Contact with Western culture and medicine has not displaced TCM. While there may be traditional factors involved in the persistent practice, two reasons are most obvious in the westward spread of TCM in recent decades. Firstly, TCM practices are believed by many to be very effective, sometimes offering palliative efficacy where the practices of Western medicine fail or unable to provide treatment, especially for routine ailments such as flu and allergies, or when Western medicine fails to relieve patients suffering from chronic ailments.
TCM has been shown to be effective in the treatment of chronic, functional disorders, such as migraines and osteoarthritis, and is traditionally used for a wide range of functional disorders. Secondly, TCM provides an alternative to otherwise costly procedures that many cannot afford, or which is not covered by insurance.

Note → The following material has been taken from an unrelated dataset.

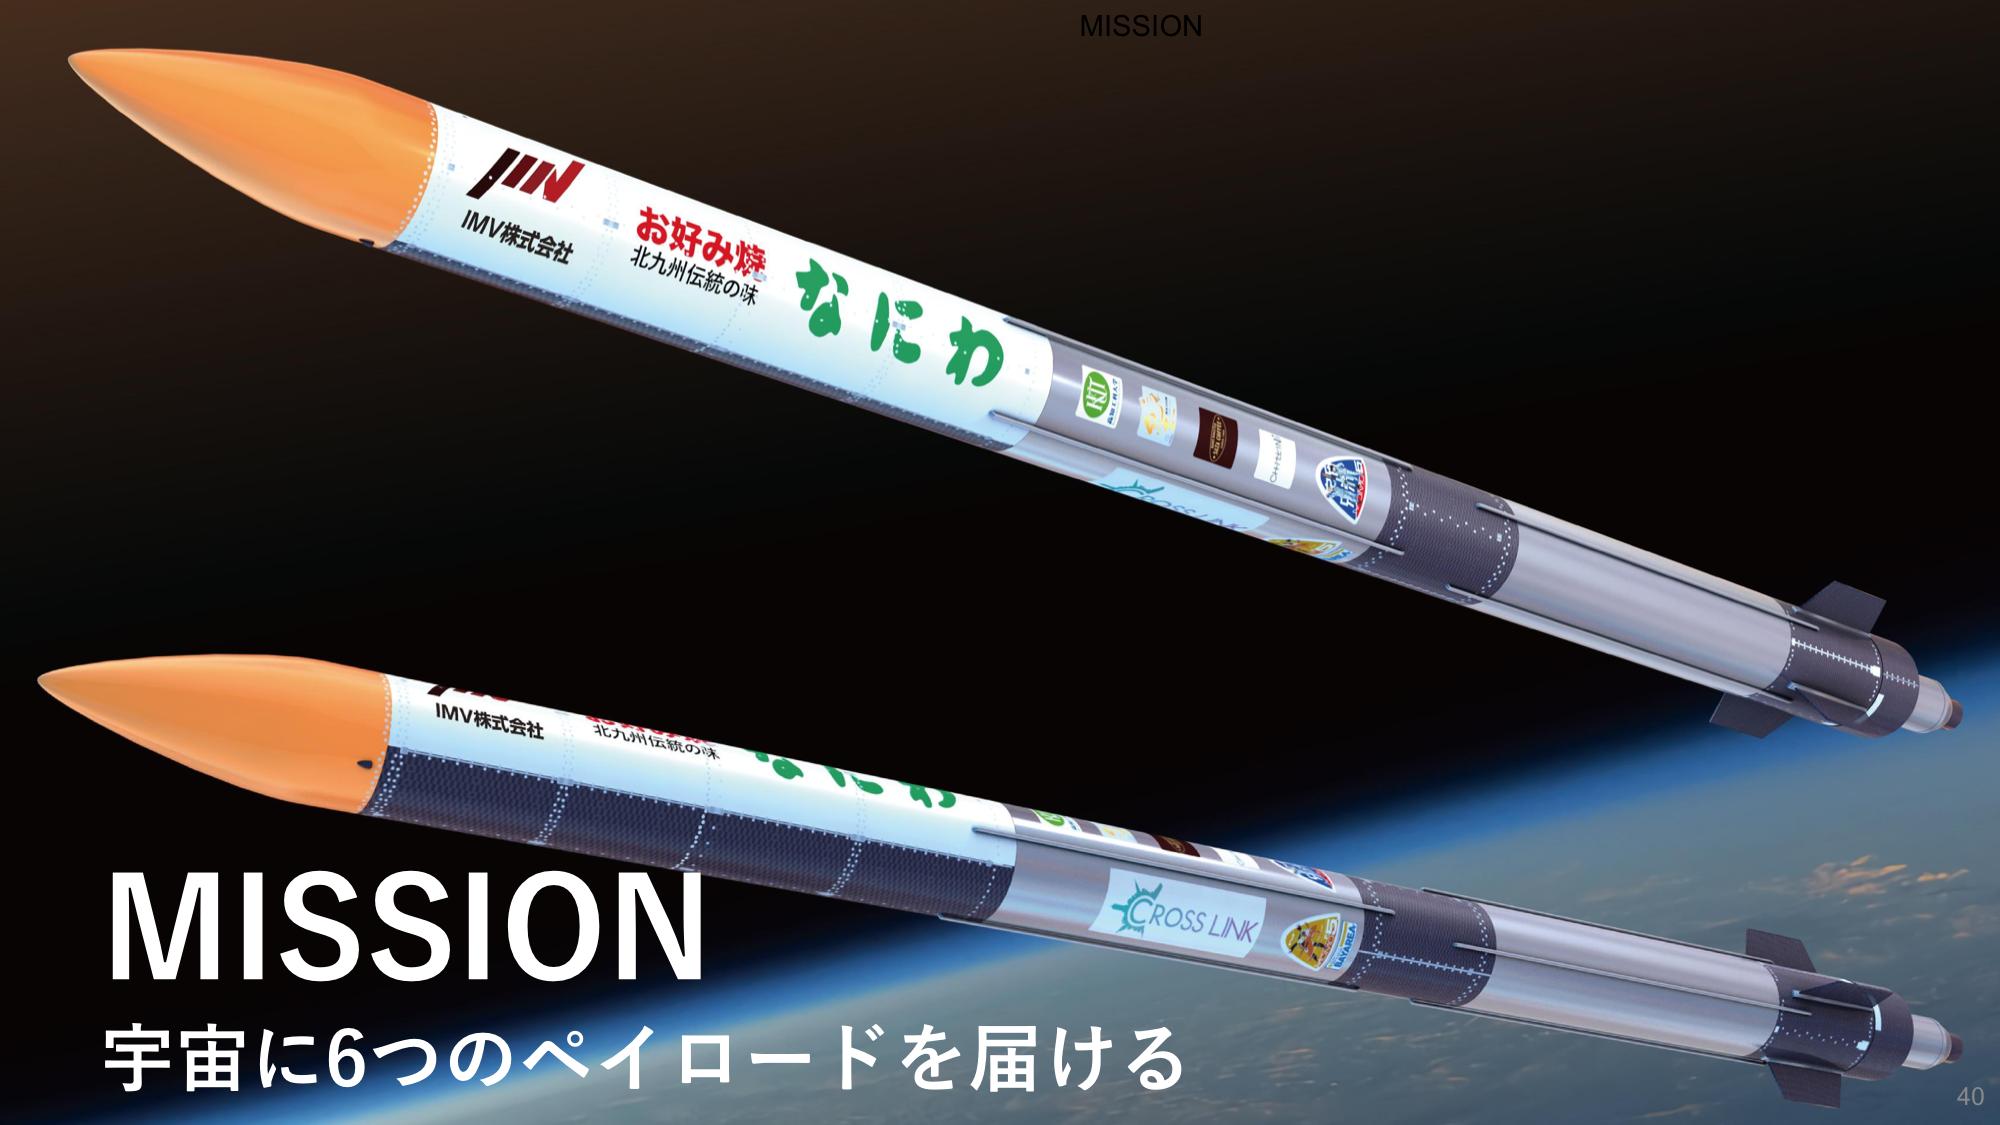 f:id:Imamura:20200603233126p:plain
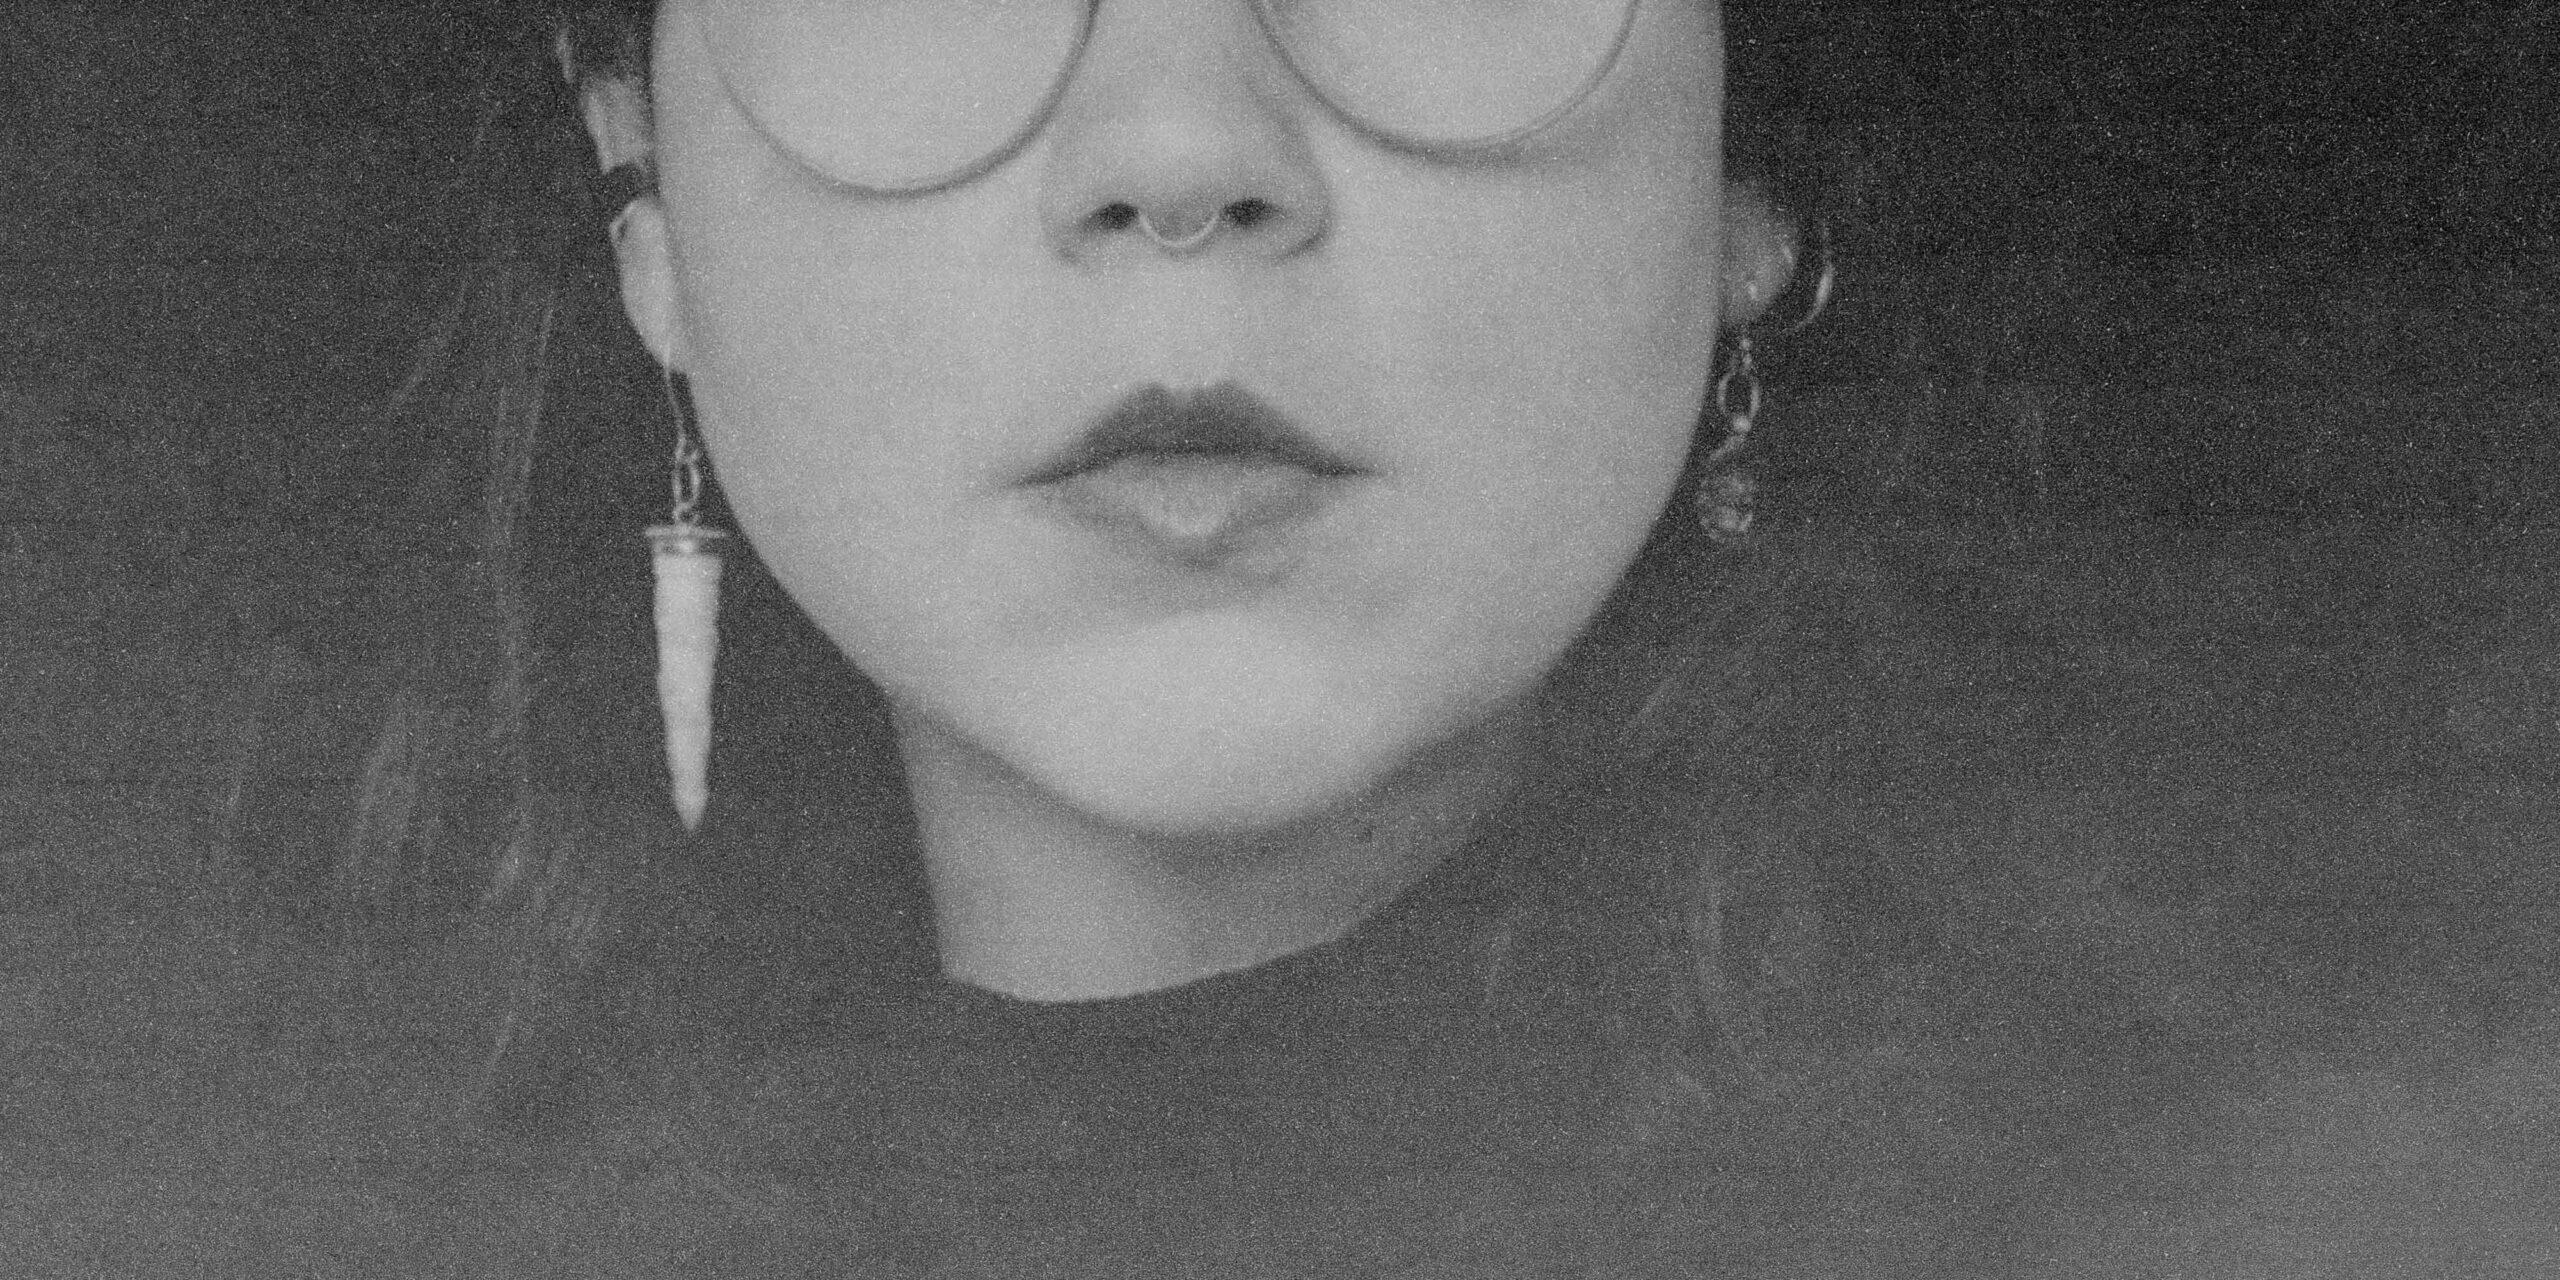 01-Portrait02b

There are also many who turn to TCM to avoid the side effects of pharmaceuticals.
TCM of the last few centuries is seen by at least some sinologists as part of the evolution of a culture, from shamans blaming illnesses on evil spirits to ‘proto-scientific’ systems of correspondence; any reference to supernatural forces is usually the result of romantic translations or poor understanding and will not be found in the Taoist-inspired classics of acupuncture such as the Huang Di Nei Jing.
The system’s development has, over its history, been analysed both skeptically and extensively, and the practice and development of it has waxed and waned over the centuries and cultures through which it has traveled – yet the system has still survived thus far. It is true that the focus from the beginning has been on pragmatism, not necessarily understanding of the mechanisms of the actions – and that this has hindered its modern acceptance in the West. This, despite that there were times such as the early 18th century when ‘acupuncture and moxa were a matter of course in polite European society’
Chinese medicine, like many other Chinese sciences, defines data on the basis of the inductive and synthetic mode of cognition. Inductivity corresponds to a logical link between two effective positions existing at the same time in different places in space. Conversely, causality is the logical link between two effective positions given at different times at the same place in space. In other words, effects based on positions that are separate in space yet simultaneous in time are mutually inductive and thus are called inductive effects.
In Western science prior to the development of electrodynamics and nuclear physics which are founded essentially on inductivity, the inductive nexus was limited to subordinate uses in protosciences such as astrology. Now Western man, as a consequence of two thousand years of intellectual tradition, persists in the habit of making causal connections first and inductive links, if at all, only as an afterthought. This habit must still be considered the biggest obstacle to an adequate appreciation of Chinese science in general and Chinese medicine in particular. Given such different cognitive bases, many of the apparent similarities between traditional Chinese and European science which attract the attention of positivists turn out to be spurious.
Traditional Chinese medicine is largely based on the philosophical concept that the human body is a small universe with a set of complete and sophisticated interconnected systems, and that those systems usually work in balance to maintain the healthy function of the human body.
Much of the scientific research on TCM has focused on acupuncture. The effectiveness of acupuncture remains controversial in the scientific community, and a review by Edzard Ernst and colleagues in 2007 found that the body of evidence was growing, research is active, and that the ’emerging clinical evidence seems to imply that acupuncture is effective for some but not all conditions’.